> [Input data]
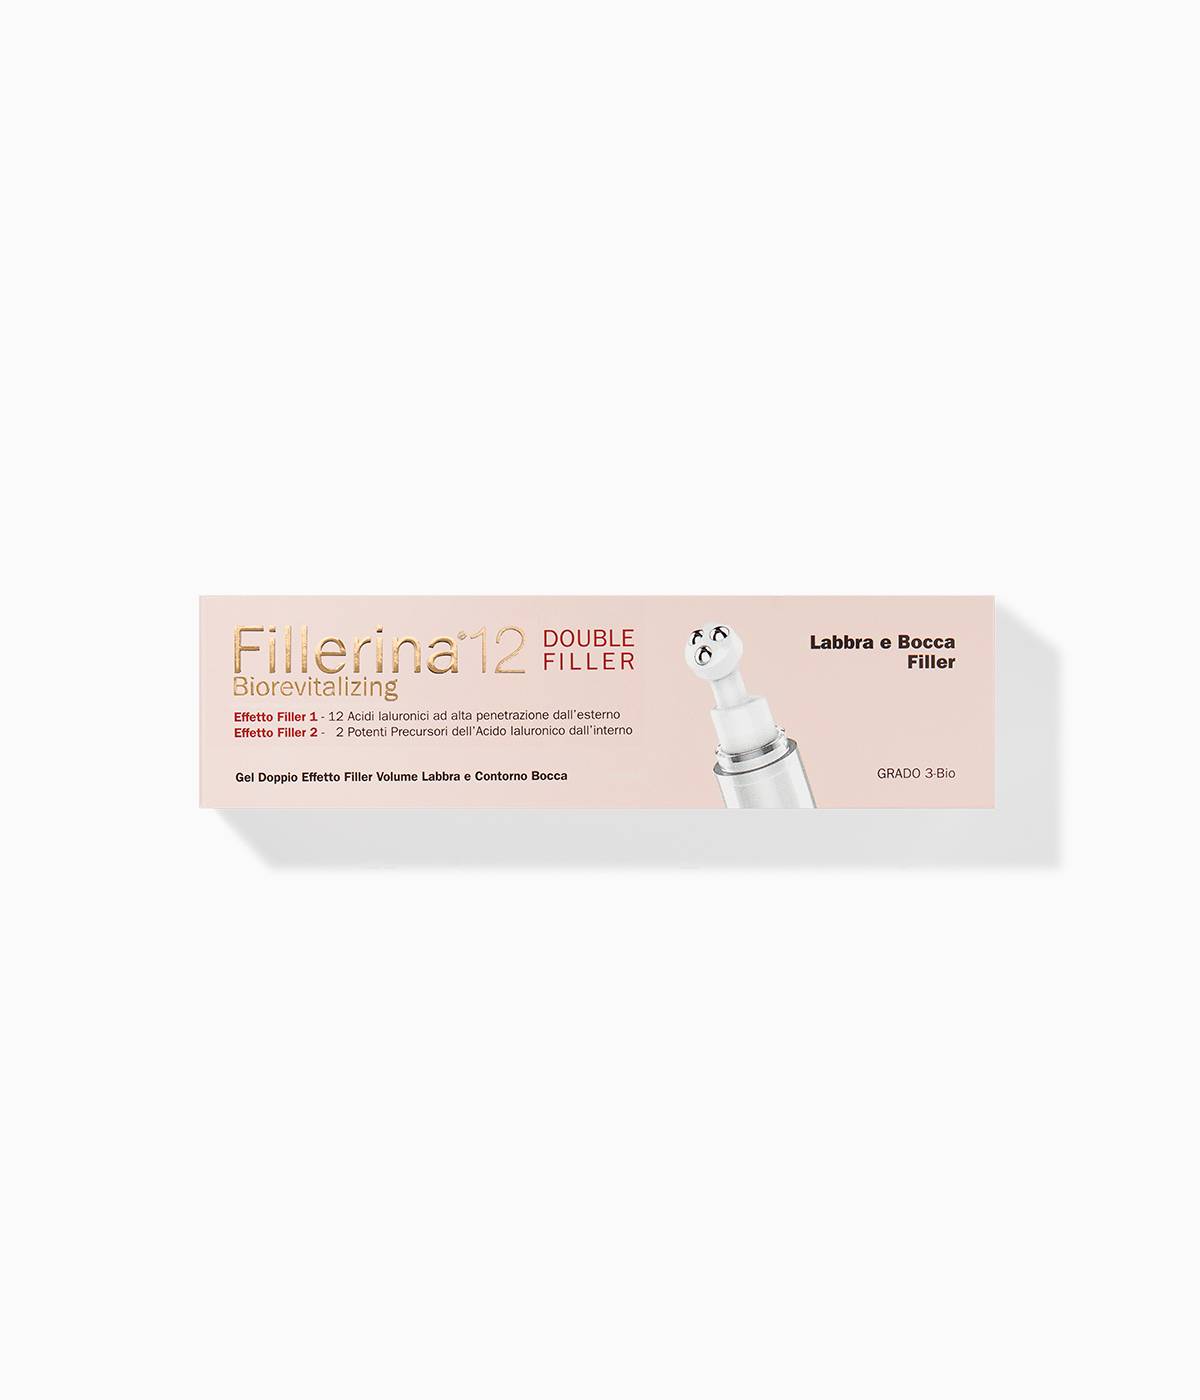 Labo-fillerina-double-filler-biorevitalizing-gel-lip-mouth-antiwrinkle-pharmaflorence
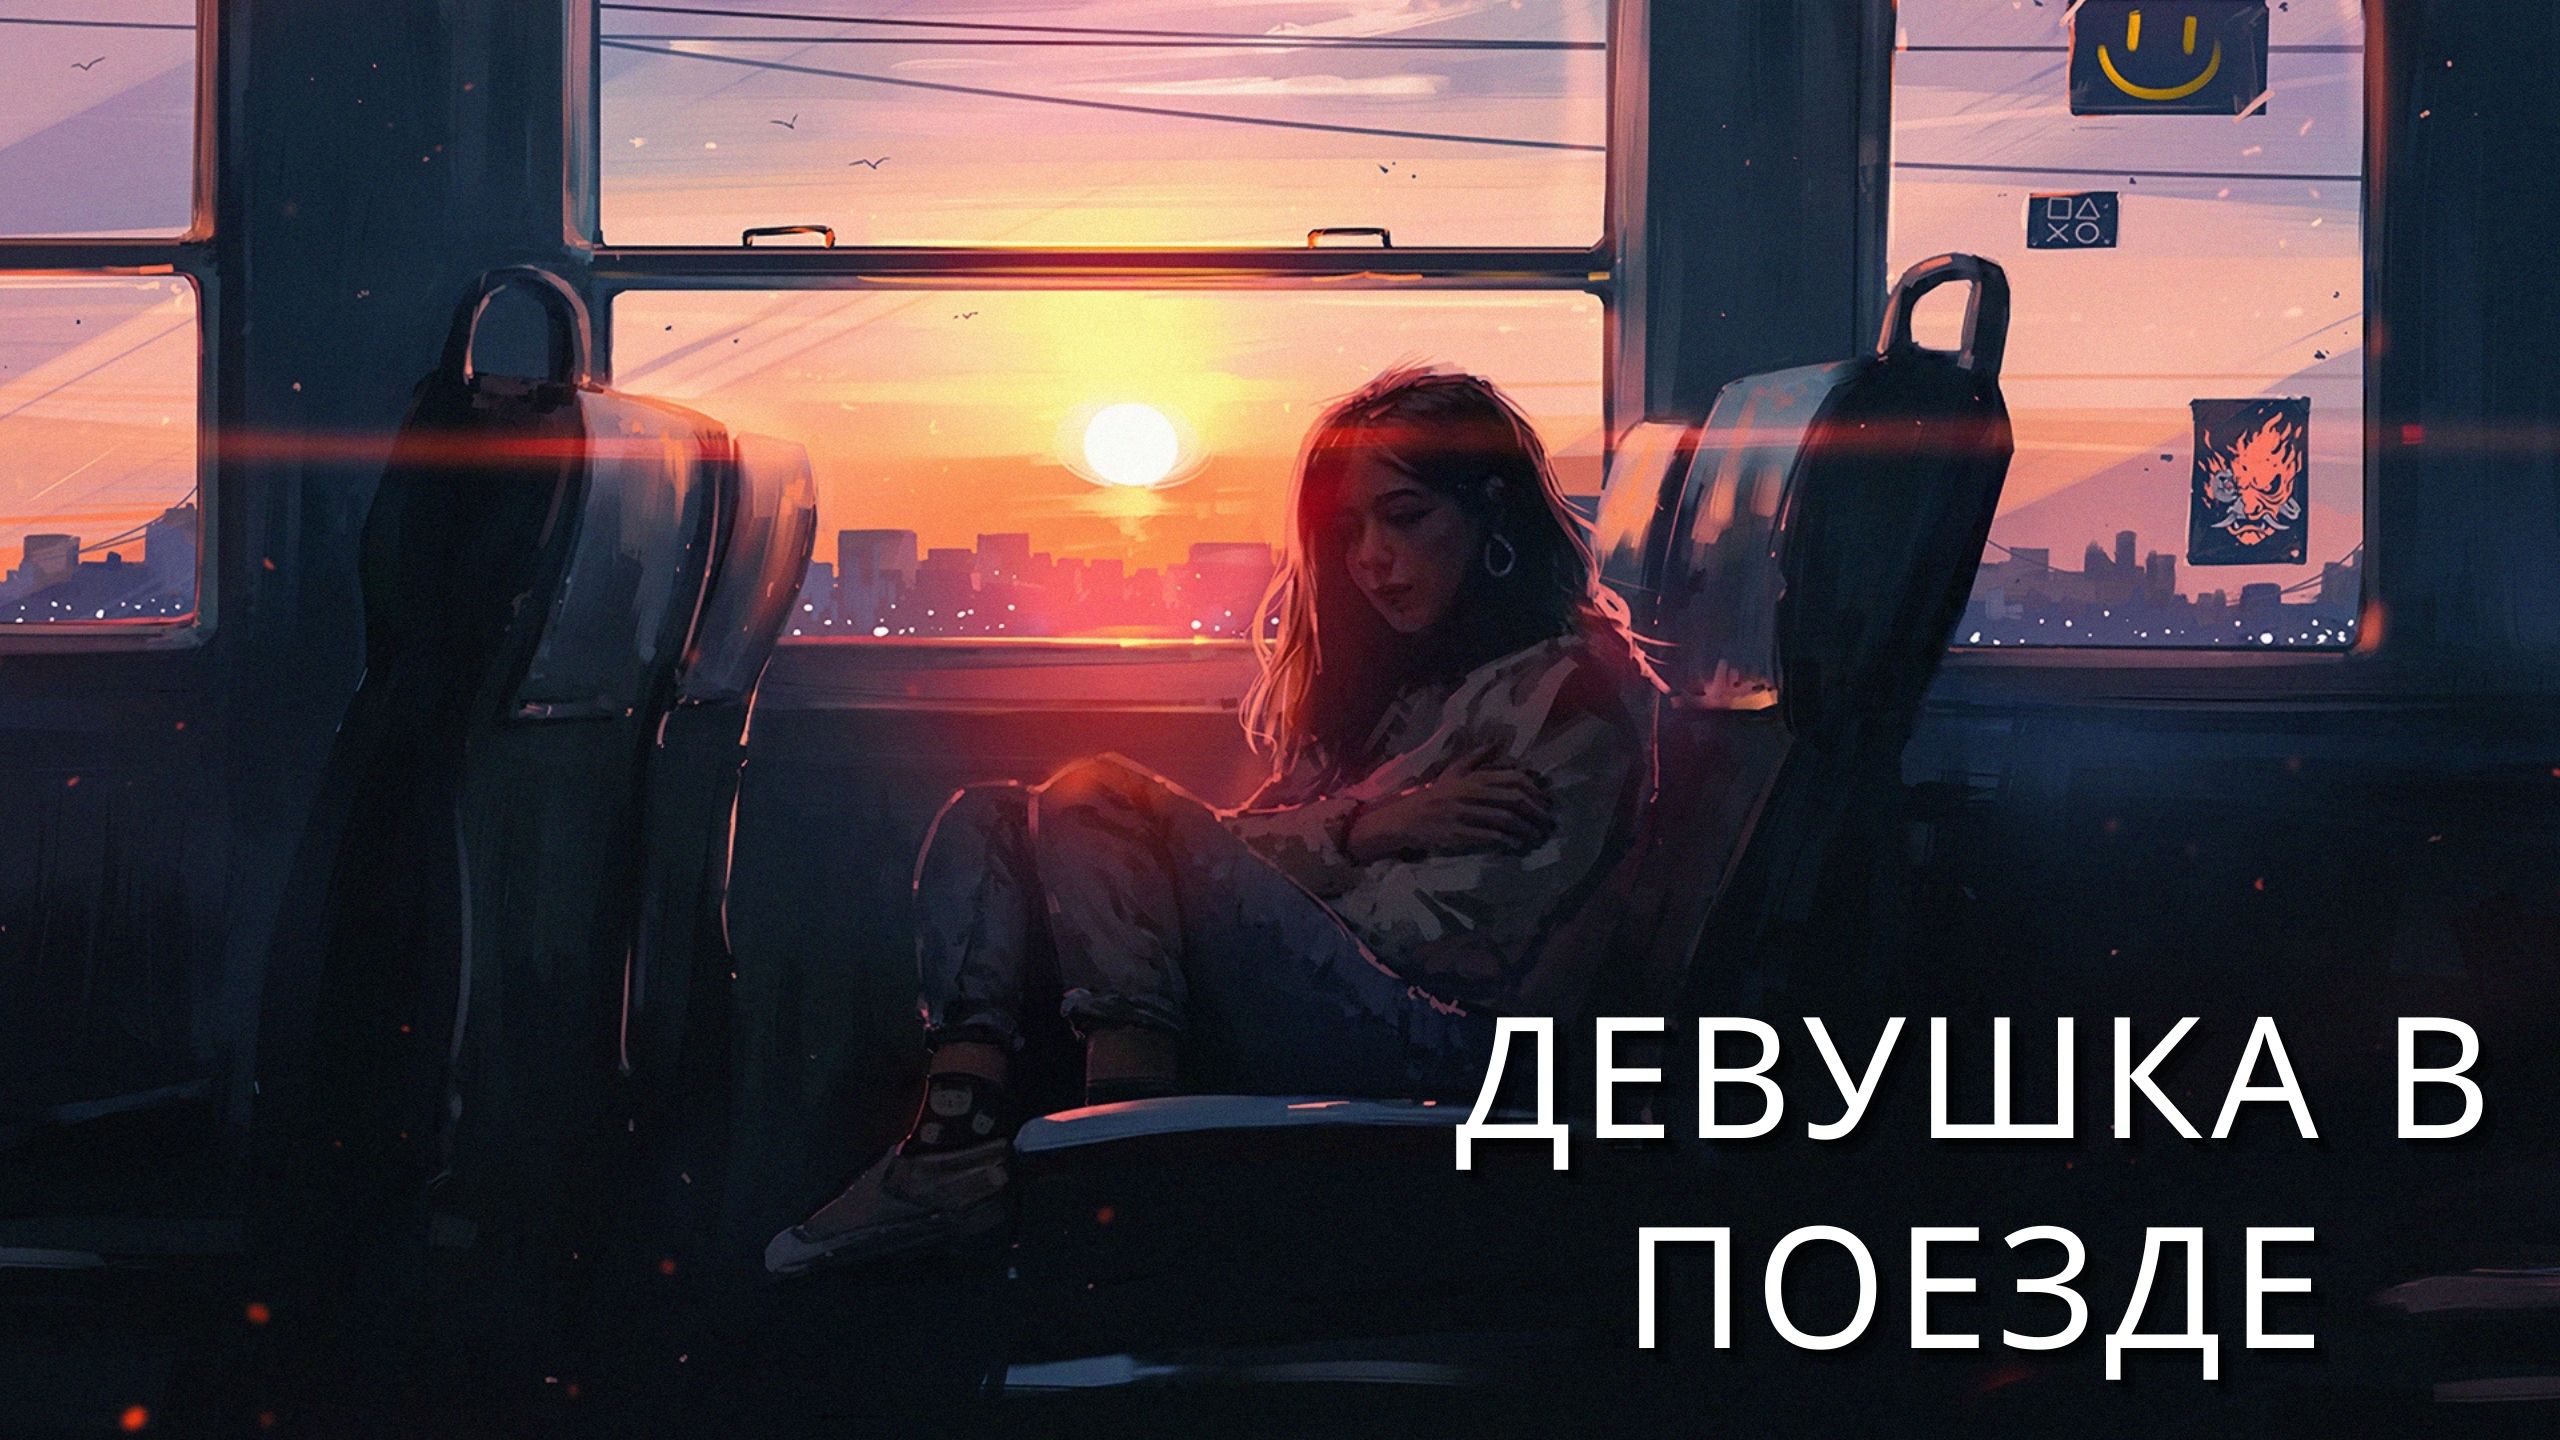 Девушка в поезде - Глубокий сон - Лучшие Целебные Звуки для Целебного сна - Расслабляющая музыка
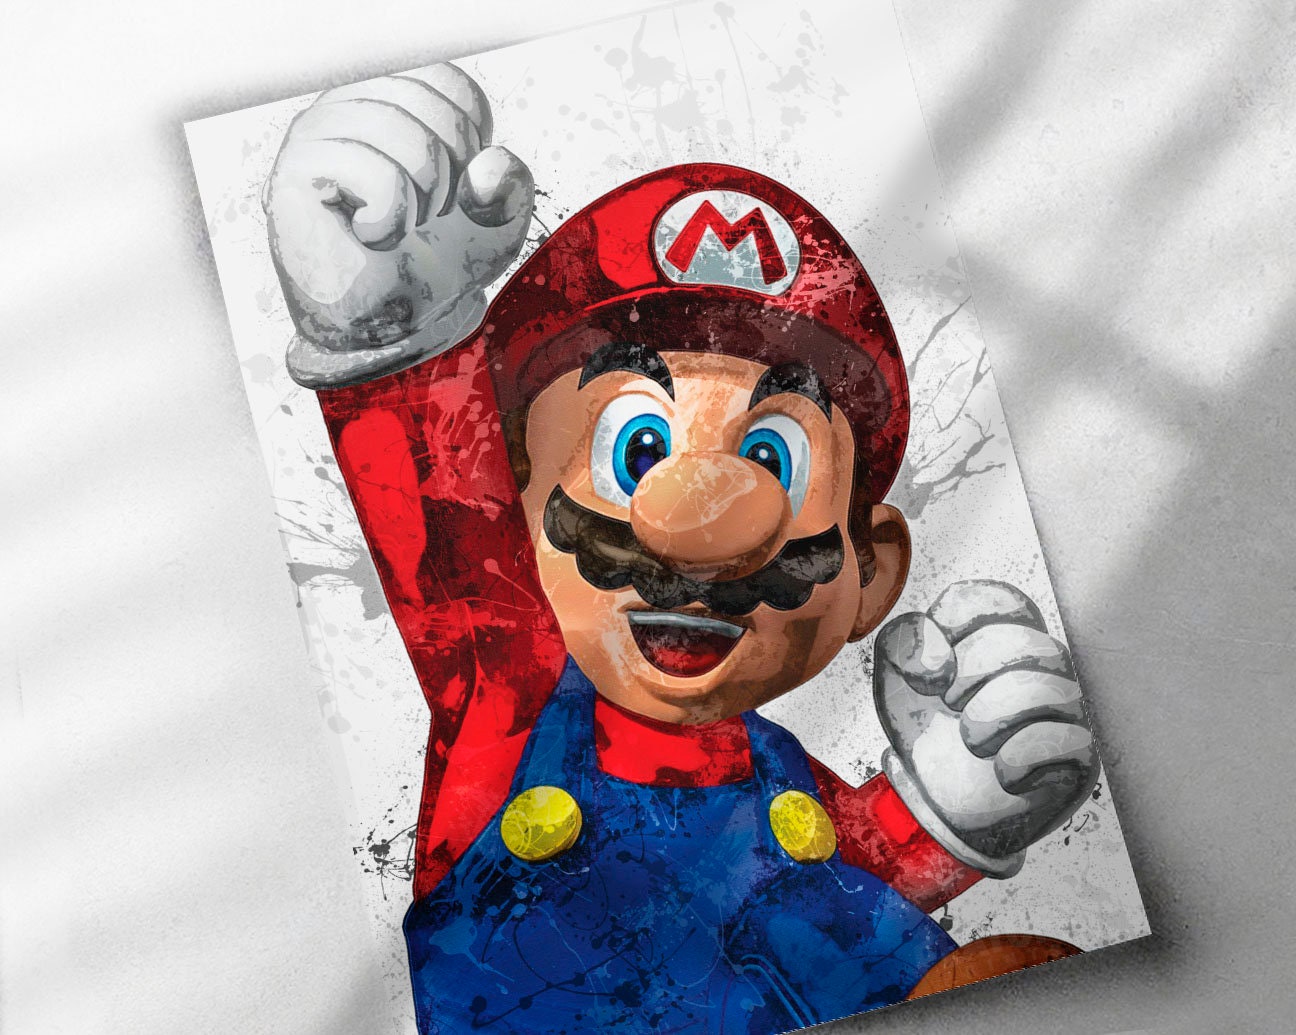 Baixar a última versão do Super Mario Bros X grátis em Português no CCM -  CCM

> [What is being asked]
Copy out the data above to the letter, and keep every picture out of it.

> [Output for this task]
 Labo-fillerina-double-filler-biorevitalizing-gel-lip-mouth-antiwrinkle-pharmaflorence
 Девушка в поезде - Глубокий сон - Лучшие Целебные Звуки для Целебного сна - Расслабляющая музыка
 Baixar a última versão do Super Mario Bros X grátis em Português no CCM -  CCM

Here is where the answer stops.